“I cani hanno l’acqua e le cucce per stare al caldo, noi invece siamo costretti a vivere nell’immondizia”. Siamo andati nel ghetto dove centinaia di lavoratori originari del Marocco si accampano a Turi nei mesi della raccolta delle ciliegie.

Le condizioni in cui vivono sono terrificanti. Cumuli di immondizia, tende di fortuna per riuscire a riposare dopo anche 14 ore di lavoro estenuante nei campi. Tutto questo senza acqua e senza corrente. La rabbia è tanta come sottolinea Jamal. “Ci trattano come degli schiavi, peggio degli animali. Per lavarci scavalchiamo il cancello e usiamo un rubinetto destinato ai cani”.

“Ci accusano di essere sporchi e di essere cattivi, ma non è così. Non siamo tutti uguali”. Il riferimento è ai fatti di cronaca accaduti a Turi.

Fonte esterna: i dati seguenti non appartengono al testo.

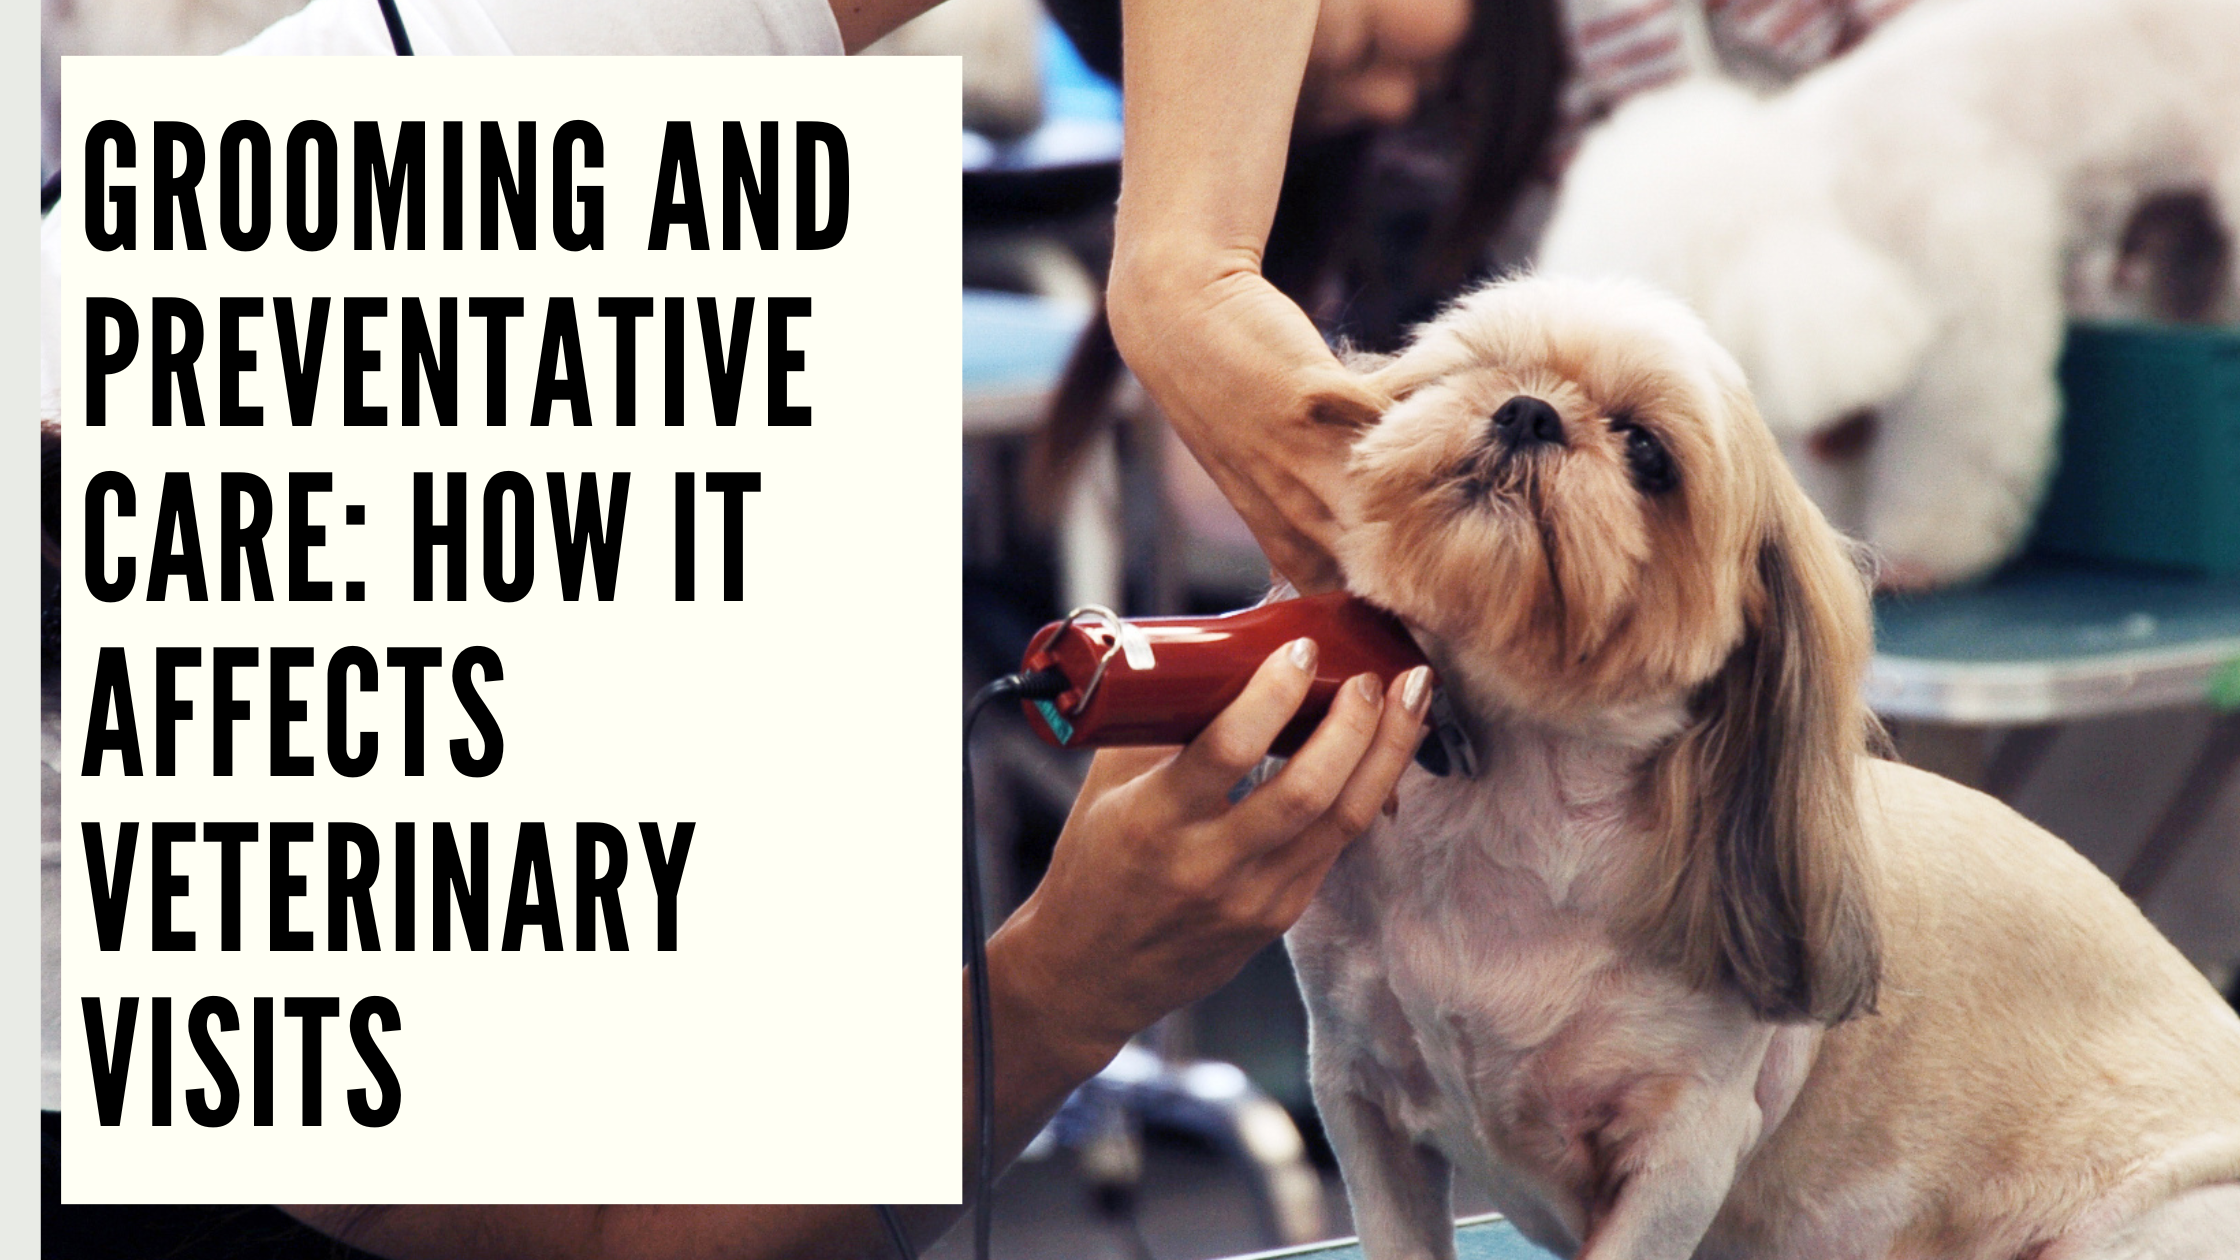 Grooming and Preventative Care How It Affects Veterinary Visits

Molti imprenditori sono costretti a chiudere prima per evitare che qualche migrante ubriaco non distrugga il locale. I cittadini hanno paura di camminare per strada da soli. Ma, come spiega anche Jamal, non bisognerebbe fare di tutta l’erba un fascio.

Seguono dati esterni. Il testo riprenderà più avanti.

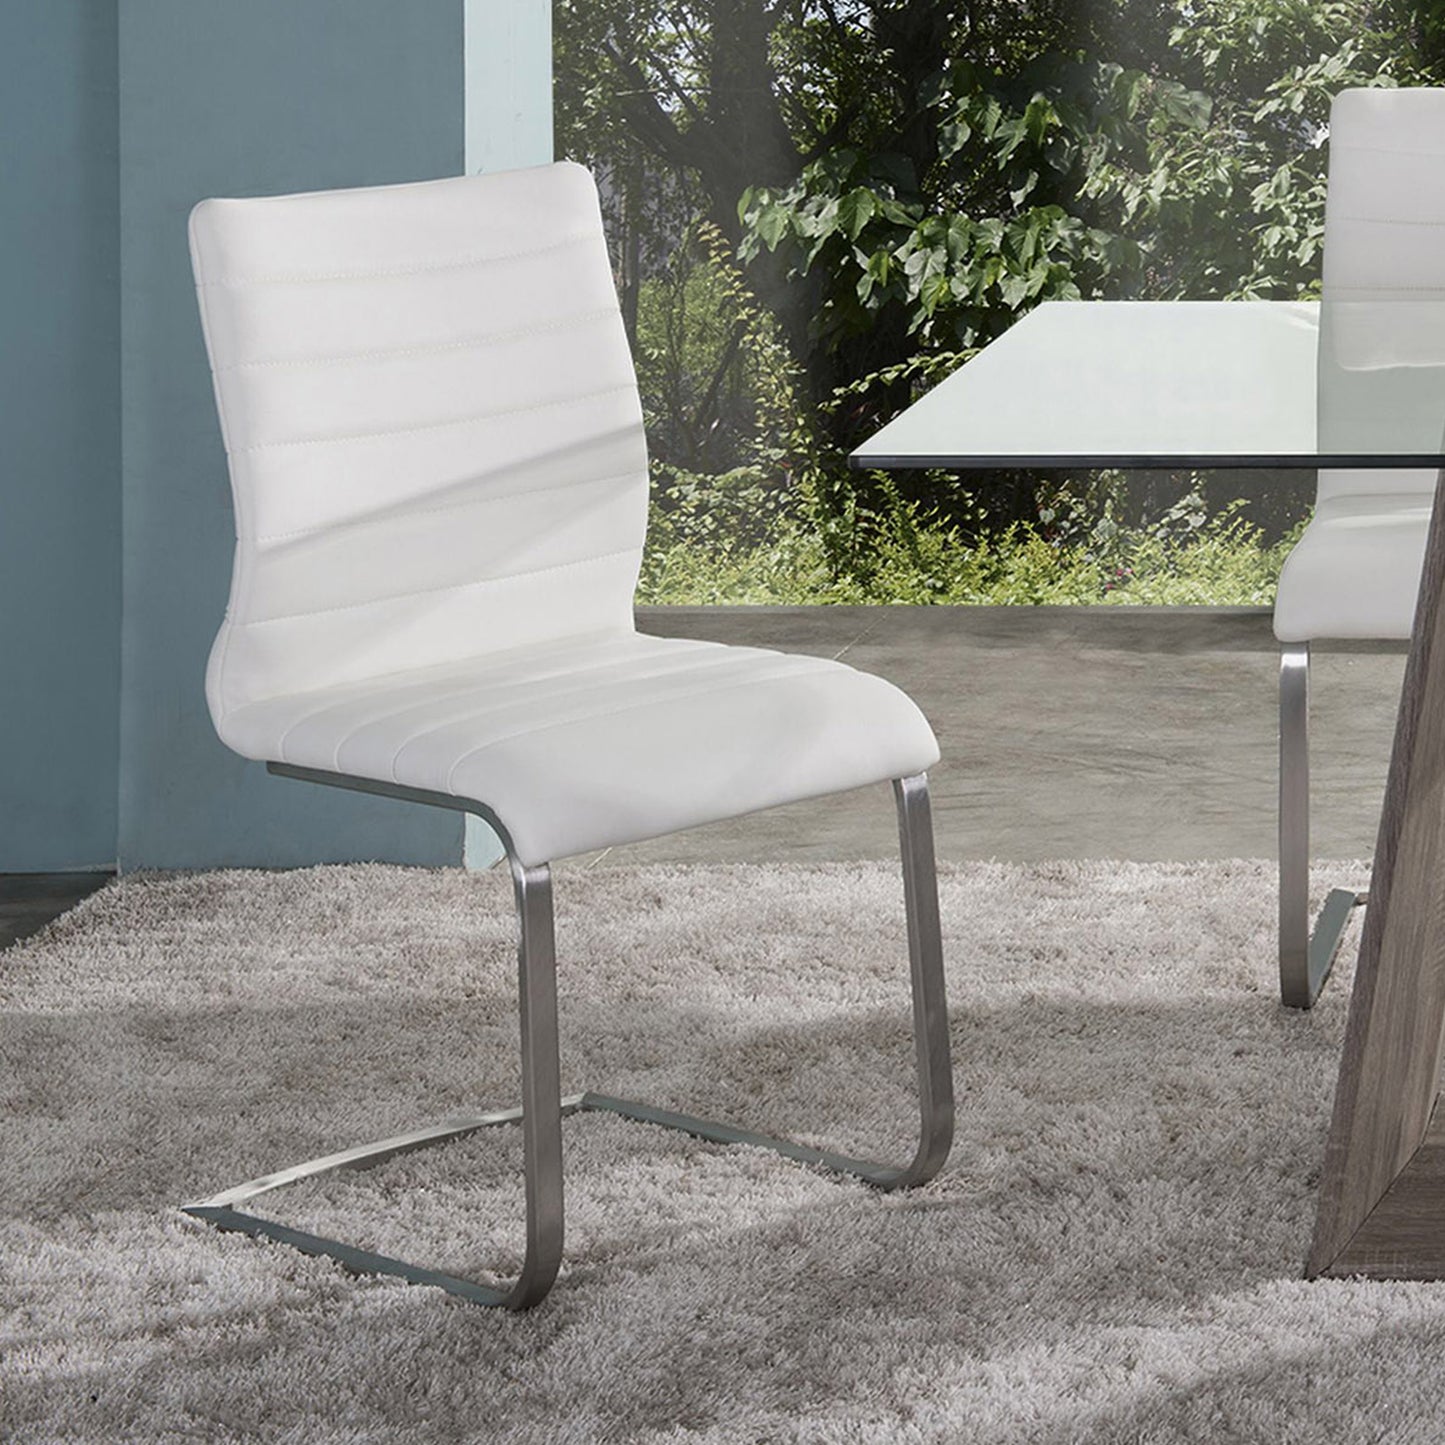 Fusion Contemporary Side Chair In White and Stainless Steel - Set of 2

“Ci sono quelli che si ubriacano e che vanno a creare casini in città, ma la maggior parte di noi viene qui per lavorare e per guadagnare qualcosa da mandare alle nostre famiglie. Il problema è che ci trattano come degli animali, ci calpestano e questo provoca tanta rabbia”. Di certo essere trattati come dei reietti non aiuta l’integrazione.

Jamal e altri suoi compaesani chiedono rispetto. Non possono continuare a vivere in quella che è una vera e propria baraccopoli. Loro che sono il fulcro dell’economia delle ciliegie, come sottolinea anche Jamal: “Senza di noi le ciliegie non verrebbero raccolte”.

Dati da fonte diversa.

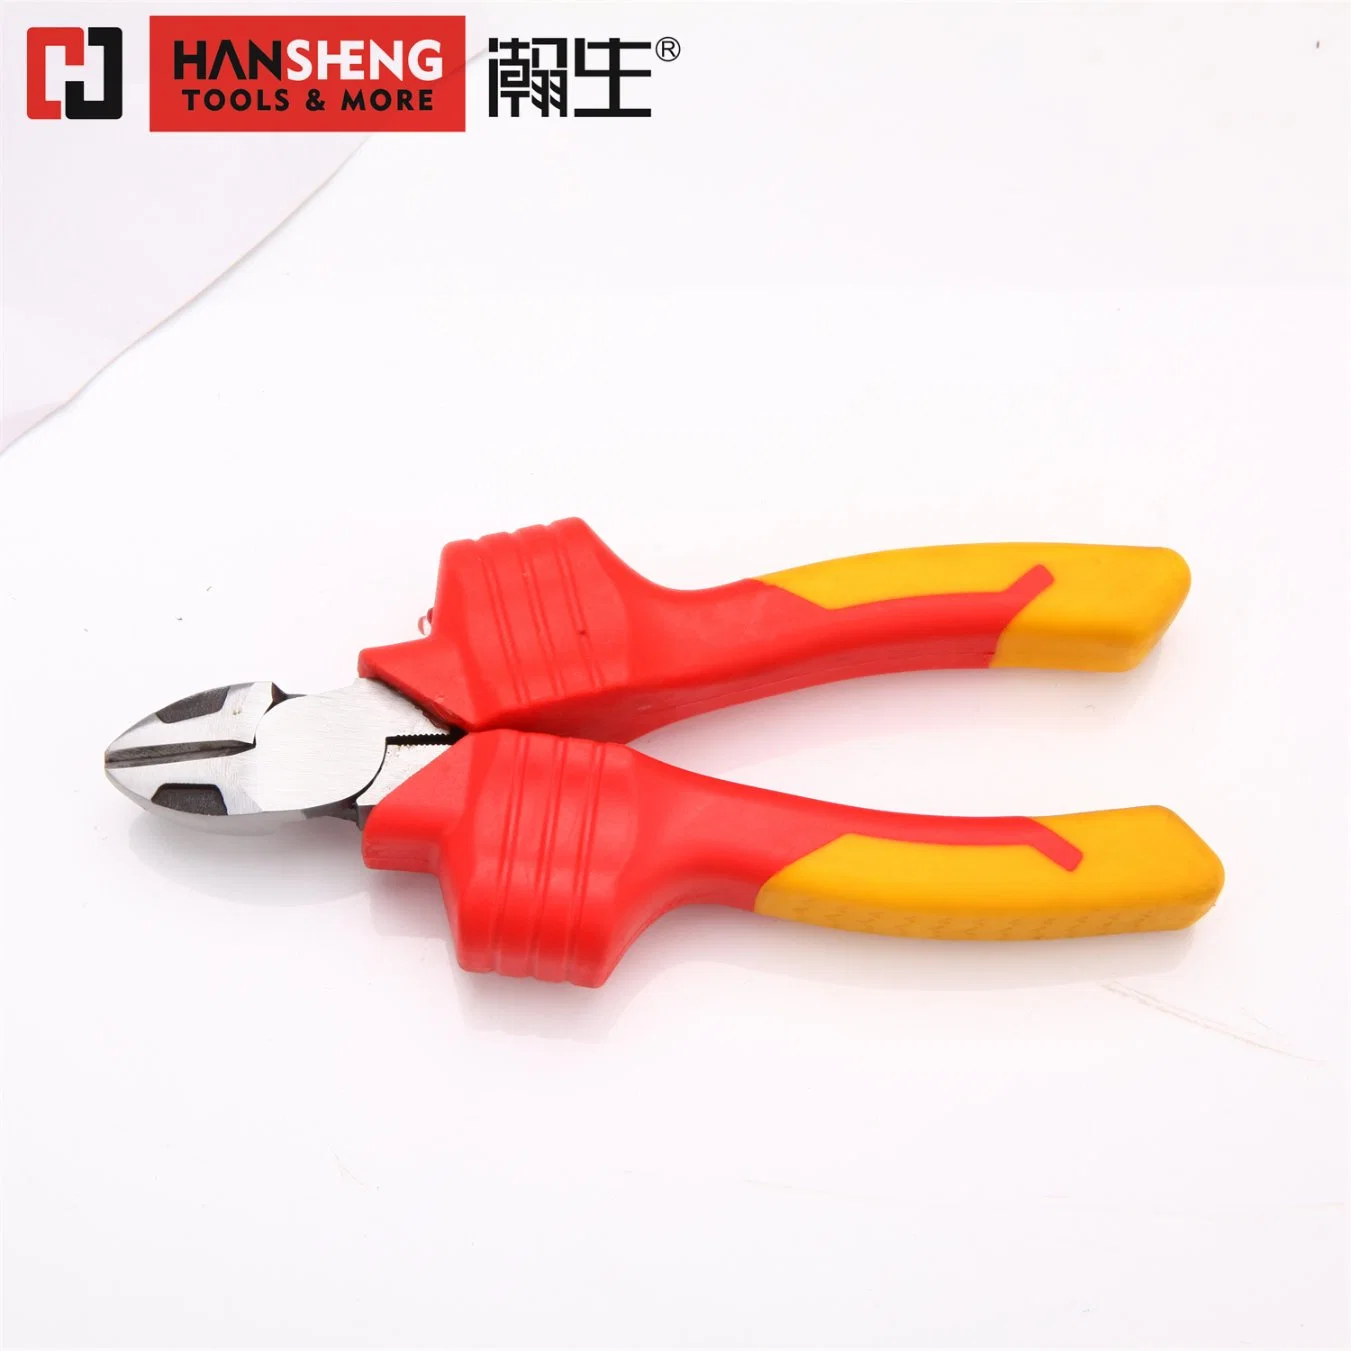 VDE Combination Pliers, Hand Tools, Hardware Tools, Cutting Tools, with 1000V Handle, Professional Hand Tool, Pliers, Insulating Tool

Le loro condizioni di vita sono ignare anche ai loro familiari. “Credono che viviamo in una casa con tutte le comodità, non sanno che invece siamo nell’immondizia e che per restare in contatto con loro rischiamo di morire fulminati. Se lo sapessero non dormirebbero la notte e quindi diciamo una bugia”.

Dall’altra parte ci sono i titolari di bar e ristoranti, come Cesare, che chiedono maggiori controlli. Quest’ultimo, infatti, aveva deciso di chiudere la sua pizzeria per protestare contro le Istituzioni che lo avevano abbandonato. Il suo sfogo sui social riguardava un accoltellamento avvenuto fuori dalla sua pizzeria. Lui stesso, come altri suoi colleghi, sottolinea che tra i migranti impegnati nella raccolta delle ciliegie ci sono anche brave persone che di certo non portano guai.

Dopo la protesta, Cesare è stato contattato dal sindaco di Turi e dal comandante dei Vigili che hanno promesso maggiori controlli e posti di controllo in città soprattutto nel periodo della raccolta.

Vedere tale degrado in una società civile fa davvero male. Jamal e tutti i suoi connazionali arrivati in Italia in cerca di un lavoro meritano di essere trattati con dignità. Chi invece è in cerca di guai, come sottolineano anche gli abitanti del ghetto, meritano di essere puniti e di essere fermati prima che tutti ne paghino le conseguenze.